Monday, February 27, 2012

Race Week Jitters

Well the time is finally here - race week!  The week I most look forward to (and dread).  While I love the preparation for a race, I don't enjoy the moments of anticipation and amount of unknowns associated with race week.  During regular training, its business as usual.  Diet remains strong (with an occasional cheat here and there) and you are allowed to run yourself ragged with tough workouts and fatigue.  But then everything shifts upside down on race week.  All that was once good is now evil.  Those hard workouts that make you tired, but fit - stay away from those!  That big bowl of ice cream you used to get for having run 13 miles of tempo work - you're gonna feel that on race day...every lb equals about 2s/mile you know...  So much focus into the minutia of every day - every decision has factor of whether or not it will be [insert choice of beneficial or negative] toward race day.  If yes, then proceed.  If not, then consider something else.

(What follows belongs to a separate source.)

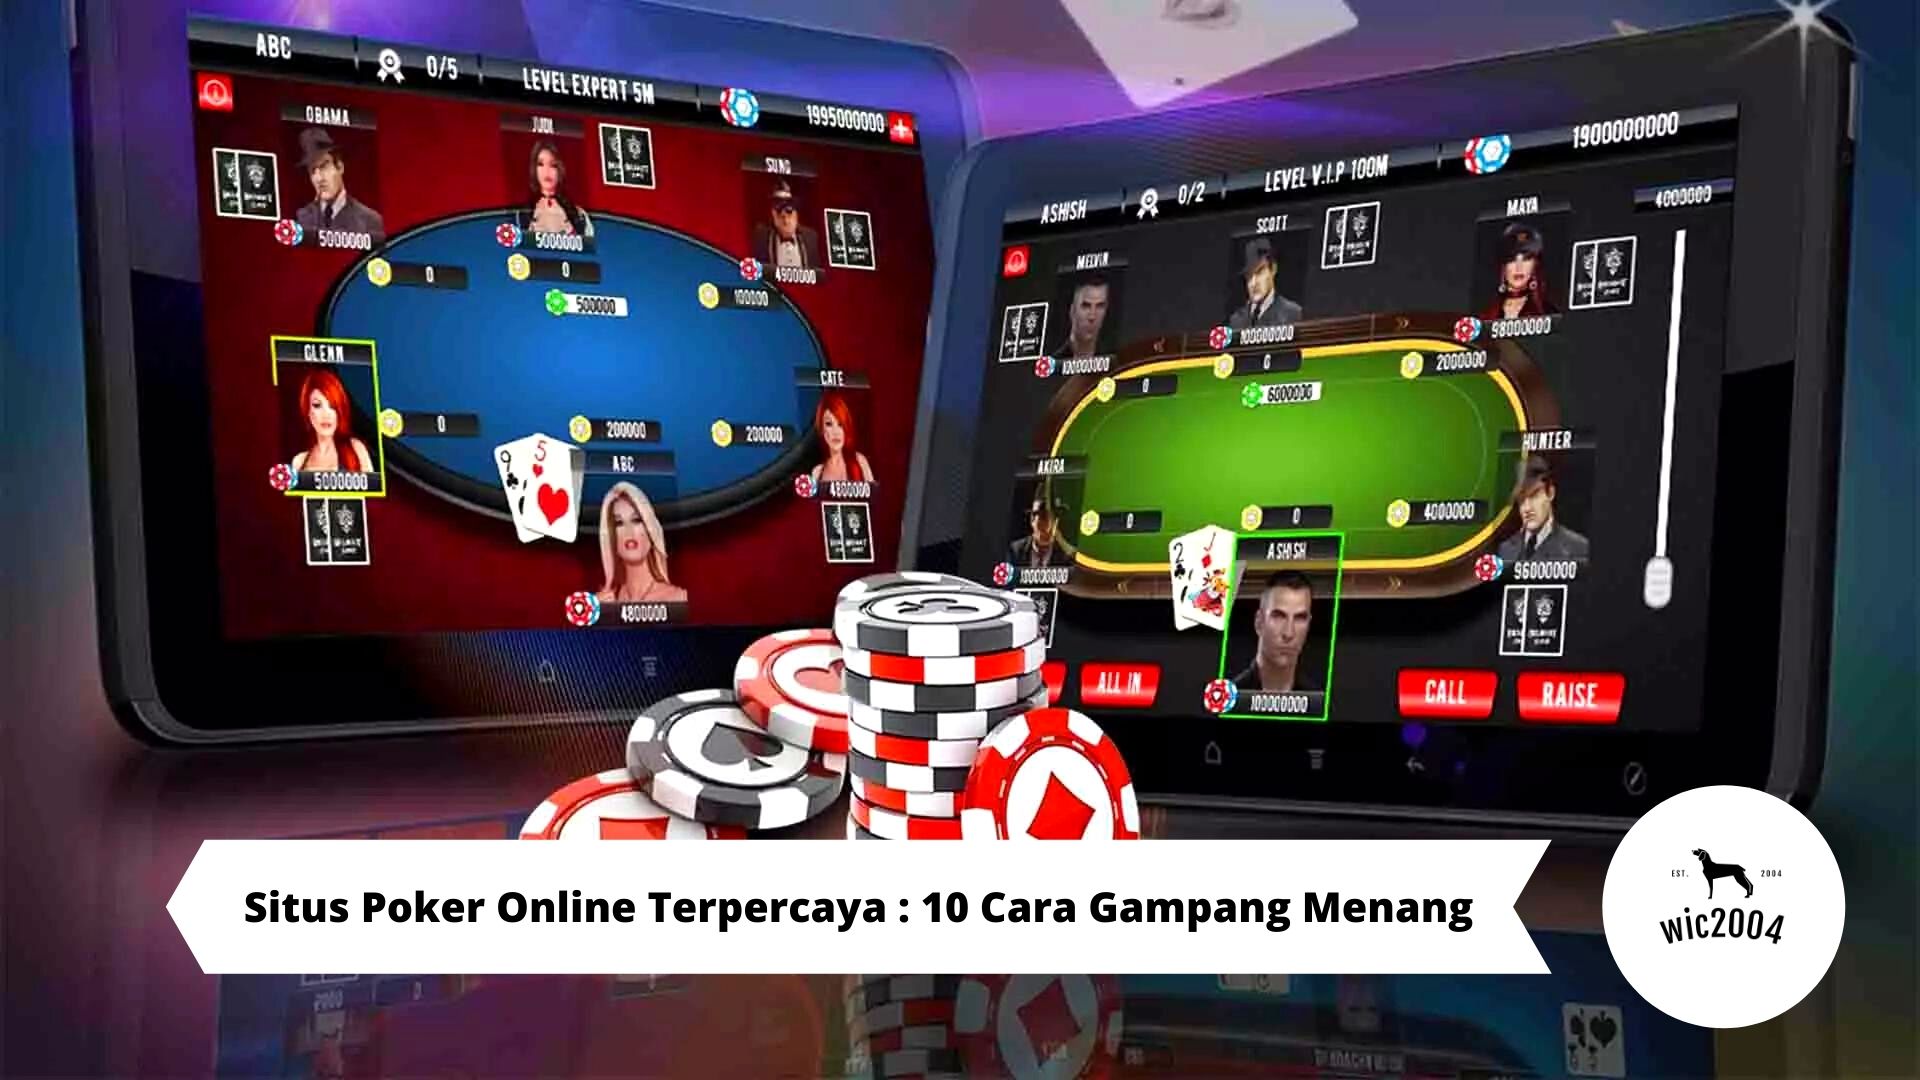 Situs Poker Online Terpercaya : 10 Cara Gampang Menang

Its things like that, that I don't like so much about the whole race week vibe.  You try to avoid people like the plague so you don't risk getting sick, and you try to avoid excessive activity to prevent creating too much fatigue in your body, and you try to avoid eating too much so you don't gain extra weight for the lower activity levels.  But because you are doing less activity (while your body is still working like it is running 60 miles/week), these things are more difficult to manage.  I think race week is when taper madness truly sets in.  Its only Monday and I am already starting to feel very antsy.  By Friday, I will be in full blown bubble boy mode (ie Do Not Disturb, Race Prep in Progress).  You mean I only get to run 3-4 times this week?  Ugh!  That's how race week rolls.  Its different, but not so much in a good way, except for the act of racing, which only comes after you've survived the torment of everything leading up to it.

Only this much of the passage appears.